About updating applications

The Updater class (in the flash.desktop package) includes one method, update(), which you can use to update the currently running application with a different version. For example, if the user has a version of the AIR file ("Sample_App_v2.air") located on the desktop, the following code updates the application.

ActionScript example:

var updater:Updater = new Updater(); 
var airFile:File = File.desktopDirectory.resolvePath("Sample_App_v2.air"); 
var version:String = "2.01"; 
updater.update(airFile, version);

JavaScript example:

var updater = new air.Updater(); 
var airFile = air.File.desktopDirectory.resolvePath("Sample_App_v2.air"); 
var version = "2.01"; 
updater.update(airFile, version);

Before an application uses the Updater class, the user or the application must download the updated version of the AIR file to the computer. For more information, see Downloading an AIR file to the user’s computer.

Results of the Updater.update() method call

When an application in the runtime calls the update() method, the runtime closes the application, and it then attempts to install the new version from the AIR file. The runtime checks that the application ID and publisher ID specified in the AIR file matches the application ID and publisher ID for the application calling the update() method. (For information on the application ID and publisher ID, see AIR application descriptor files.) It also checks that the version string matches the version string passed to the update() method. If installation completes successfully, the runtime opens the new version of the application. Otherwise (if the installation cannot complete), it reopens the existing (pre-install) version of the application.

On Mac OS, to install an updated version of an application, the user must have adequate system privileges to install to the application directory.
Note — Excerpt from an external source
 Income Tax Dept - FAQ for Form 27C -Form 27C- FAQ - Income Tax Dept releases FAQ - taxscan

On Windows and Linux, a user must have administrative privileges.

If the updated version of the application requires an updated version of the runtime, the new runtime version is installed. To update the runtime, a user must have administrative privileges for the computer.
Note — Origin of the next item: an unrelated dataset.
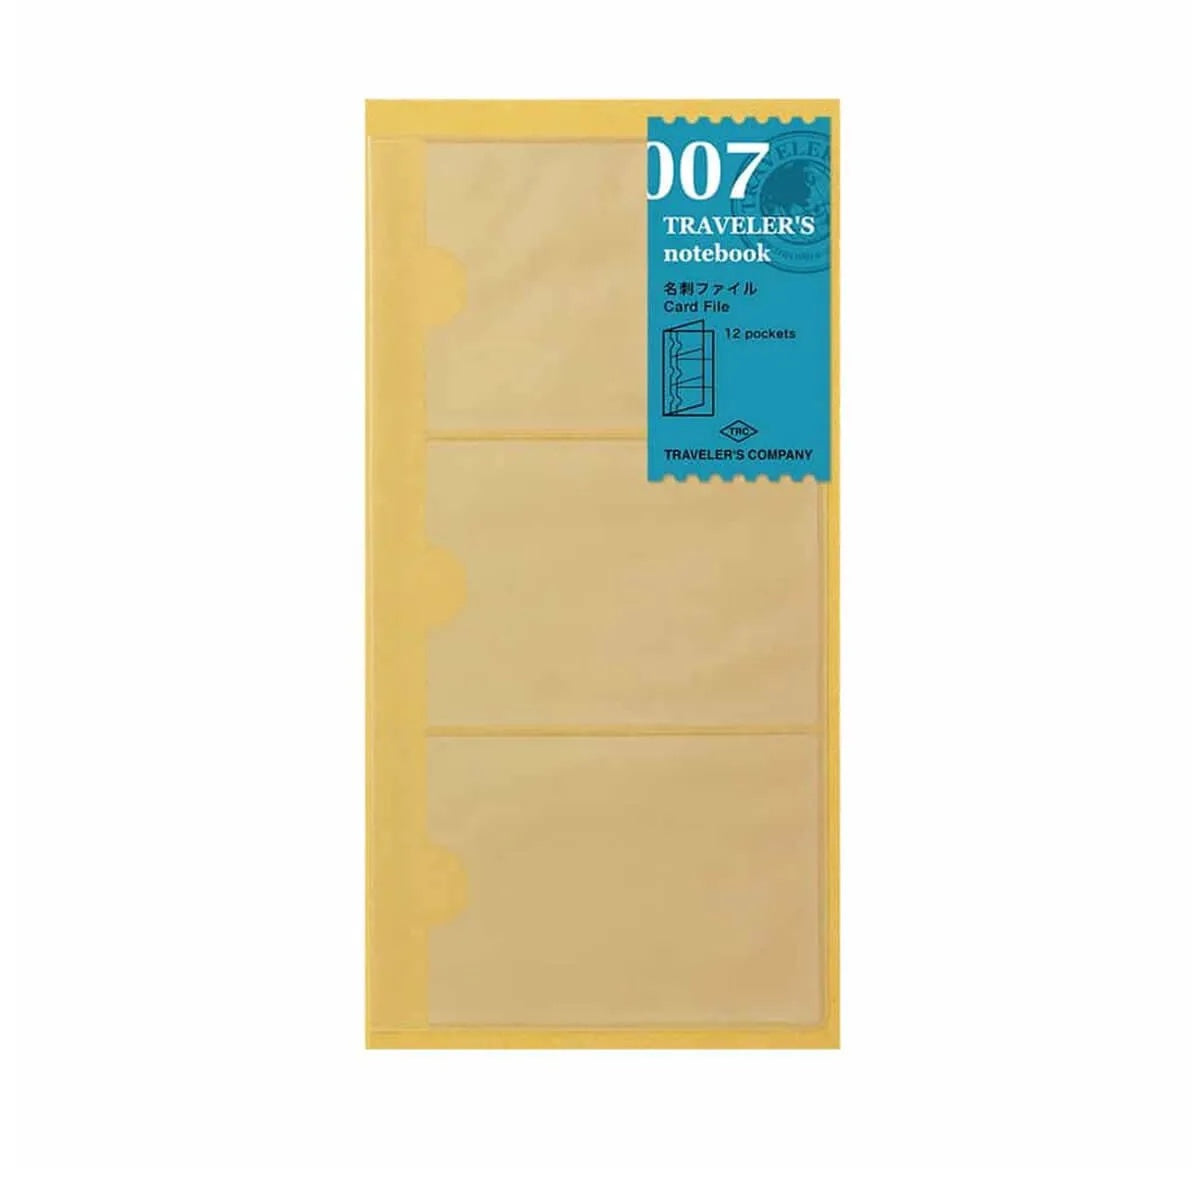 007 Card File - TRAVELER'S Notebook Insert

When testing an application using ADL, calling the update() method results in a runtime exception.

About the version string

The string that is specified as the version parameter of the update() method must match the string in the version or versionNumber element in the application descriptor file for the AIR file to be installed. Specifying the version parameter is required for security reasons. By requiring the application to verify the version number in the AIR file, the application will not inadvertently install an older version. (An older version of the application might contain a security vulnerability that has been fixed in the currently installed application.) The application should also check the version string in the AIR file with version string in the installed application to prevent downgrade attacks.

Prior to AIR 2.5, the version string can be of any format. For example, it can be "2.01" or "version 2". In AIR 2.5, or later, the version string must be a sequence of up to three, three-digit numbers separated by periods. For example, “.0”, “1.0”, and “67.89.999” are all valid version numbers. You should validate the update version string before updating the application.

If an Adobe AIR application downloads an AIR file via the web, it is a good practice to have a mechanism by which the web service can notify the Adobe AIR application of the version being downloaded. The application can then use this string as the version parameter of the update() method. If the AIR file is obtained by some other means, in which the version of the AIR file is unknown, the AIR application can examine the AIR file to determine the version information. (An AIR file is a ZIP-compressed archive, and the application descriptor file is the second record in the archive.)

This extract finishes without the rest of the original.